[Problem requirements]
A verbatim transcript of the data below is required, images omitted.

[Data excerpt]
□ □ □ □ □ □ □

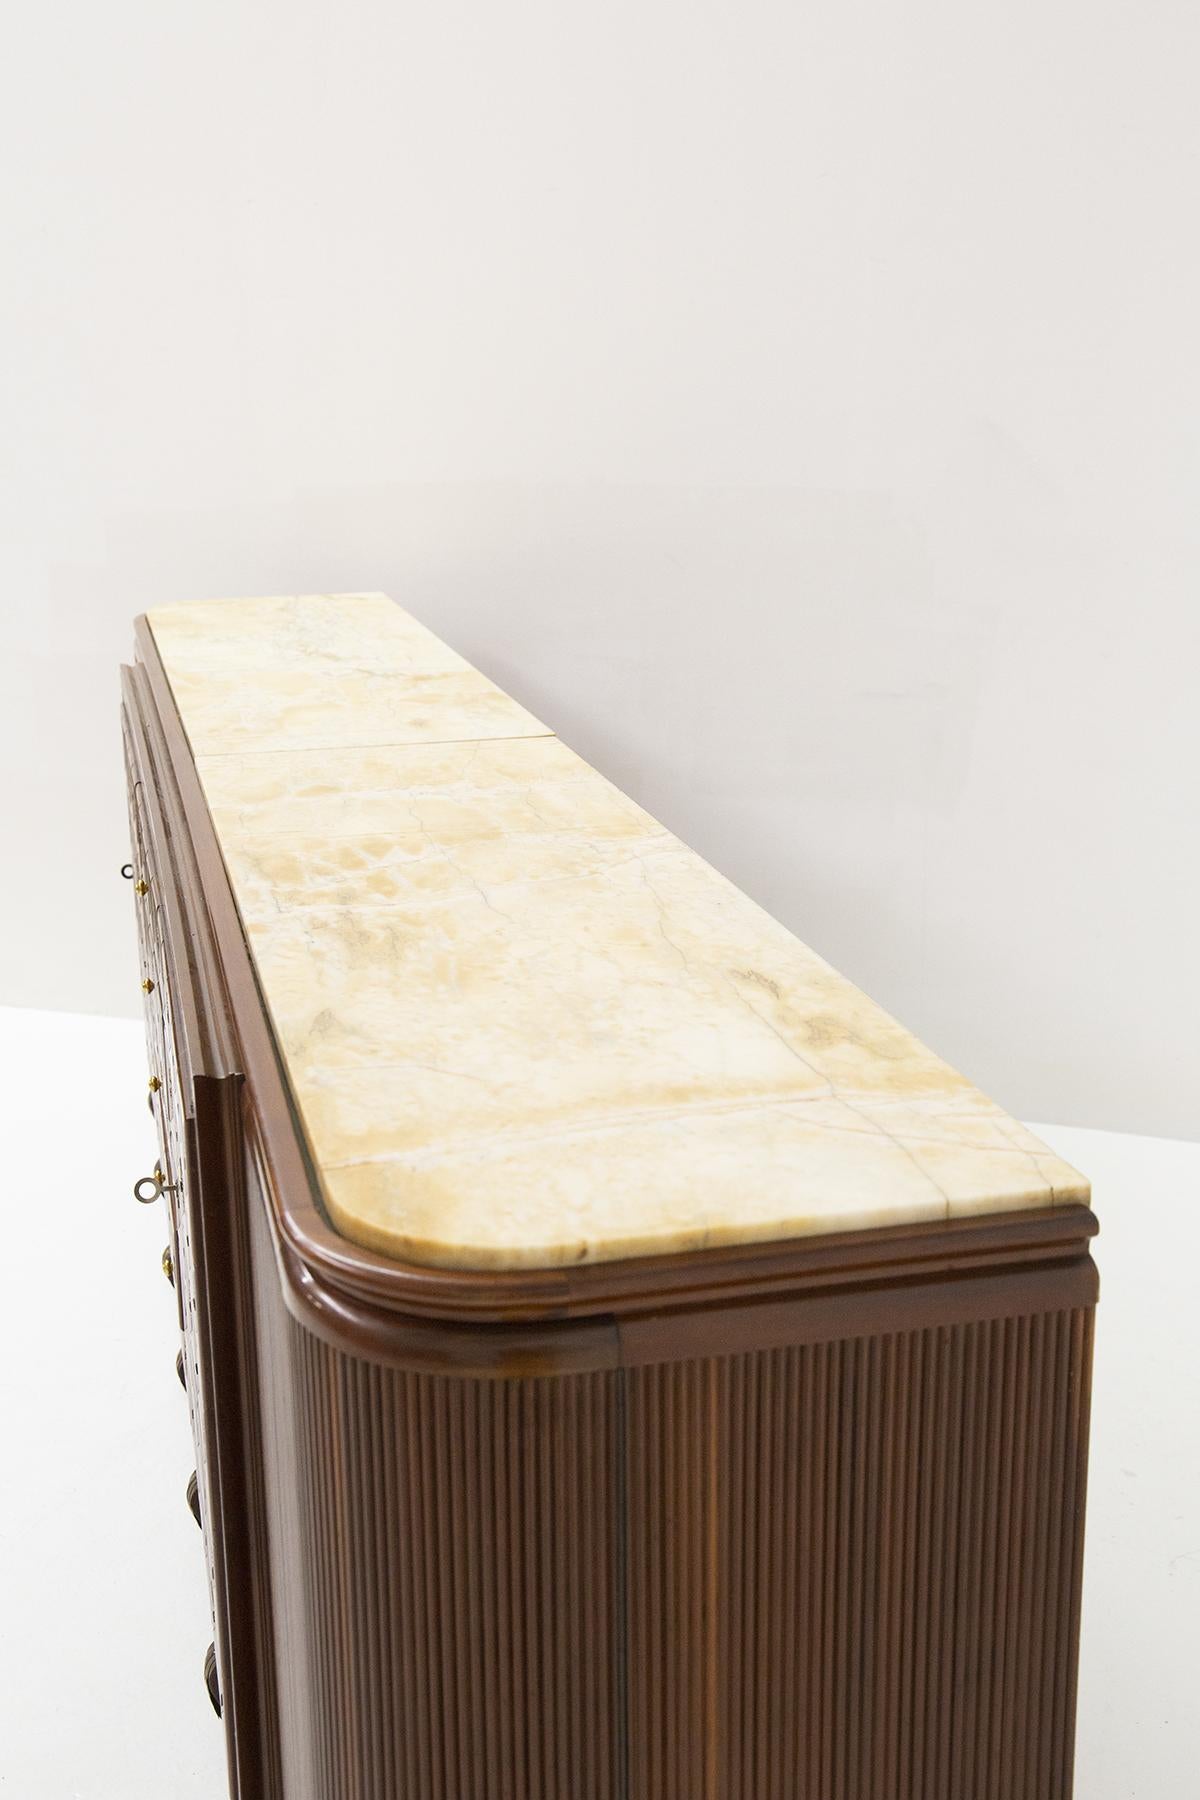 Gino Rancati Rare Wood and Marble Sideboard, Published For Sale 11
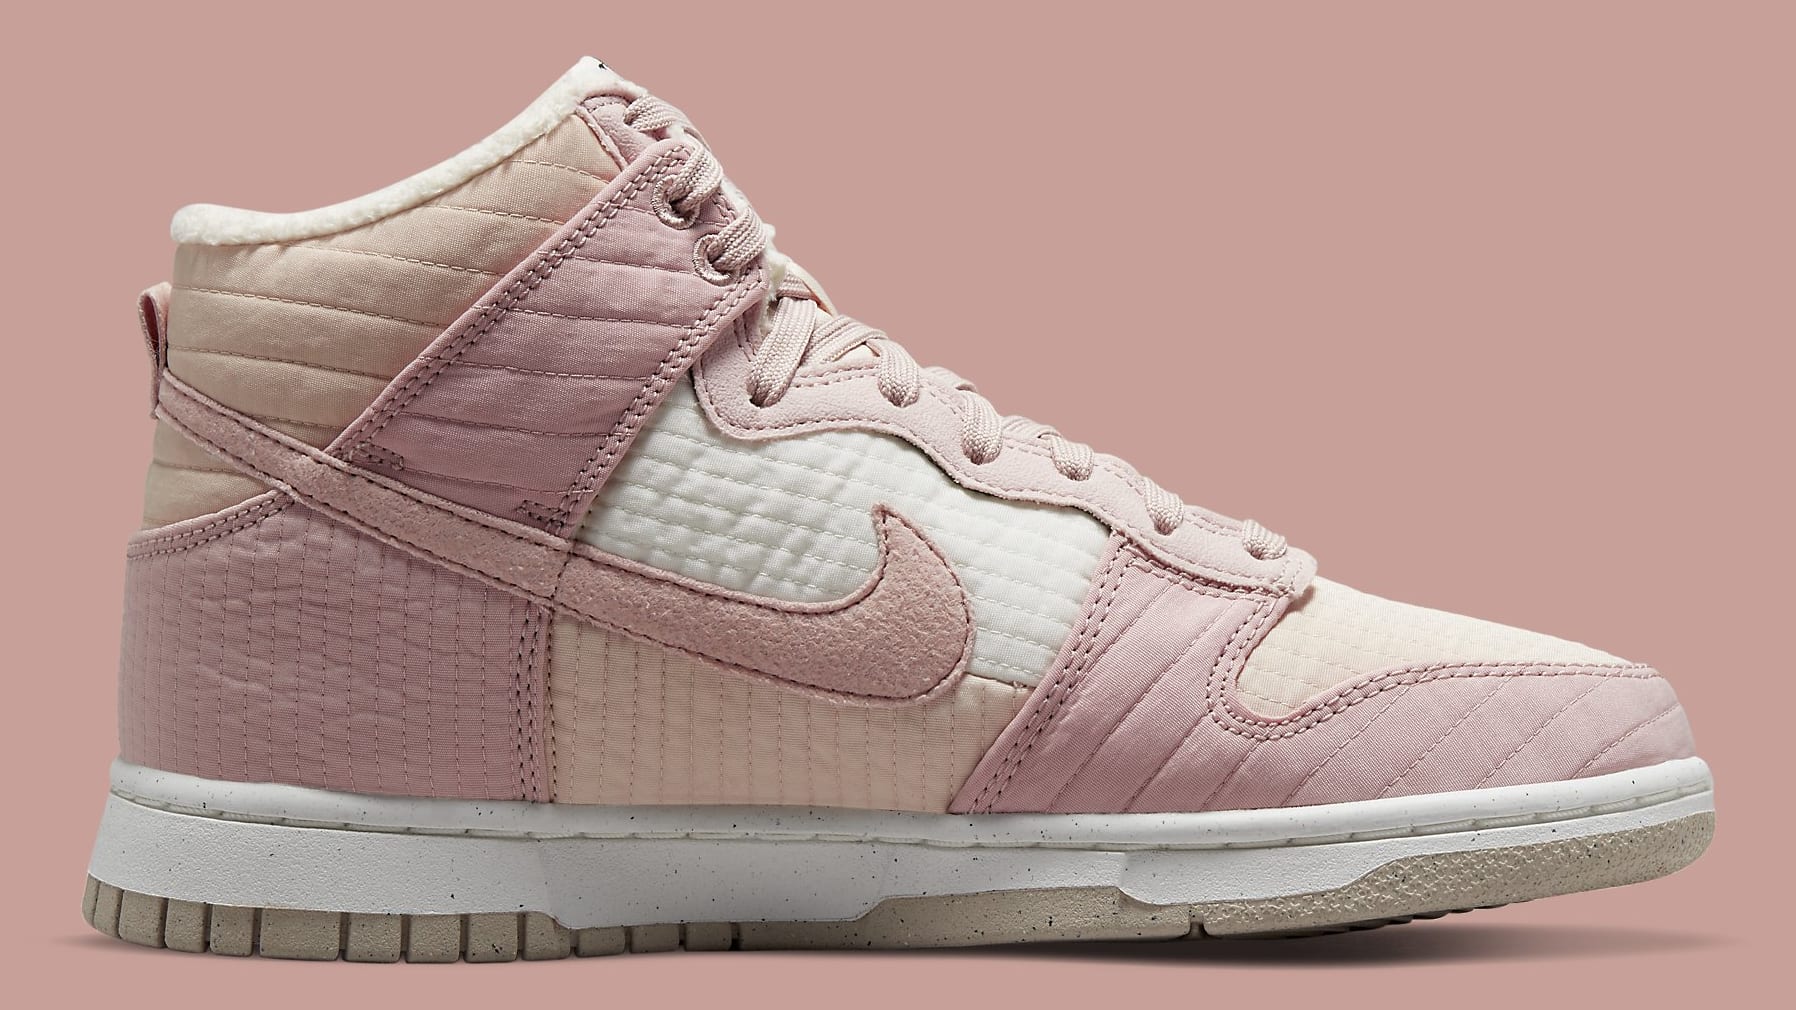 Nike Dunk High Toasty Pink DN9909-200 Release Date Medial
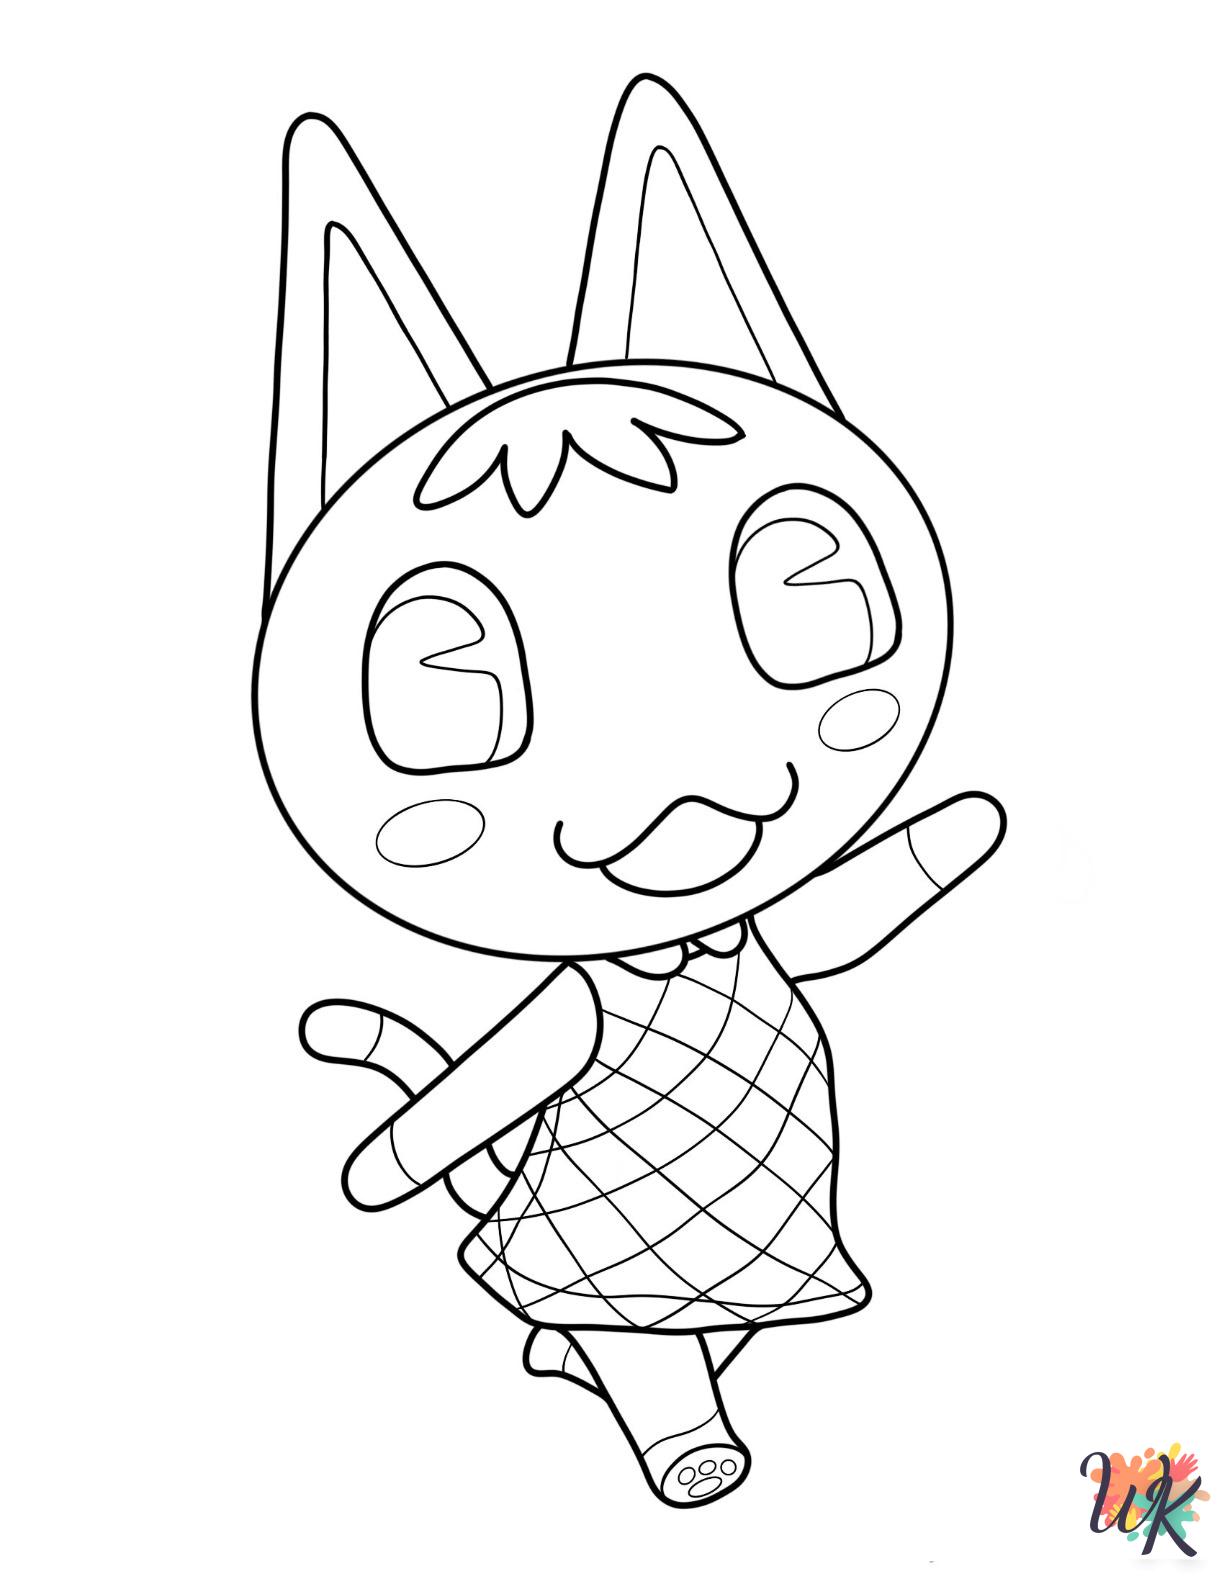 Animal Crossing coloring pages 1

□ □ □ □ □ □ □

[Expected output]
 Gino Rancati Rare Wood and Marble Sideboard, Published For Sale 11
 Nike Dunk High Toasty Pink DN9909-200 Release Date Medial
 Animal Crossing coloring pages 1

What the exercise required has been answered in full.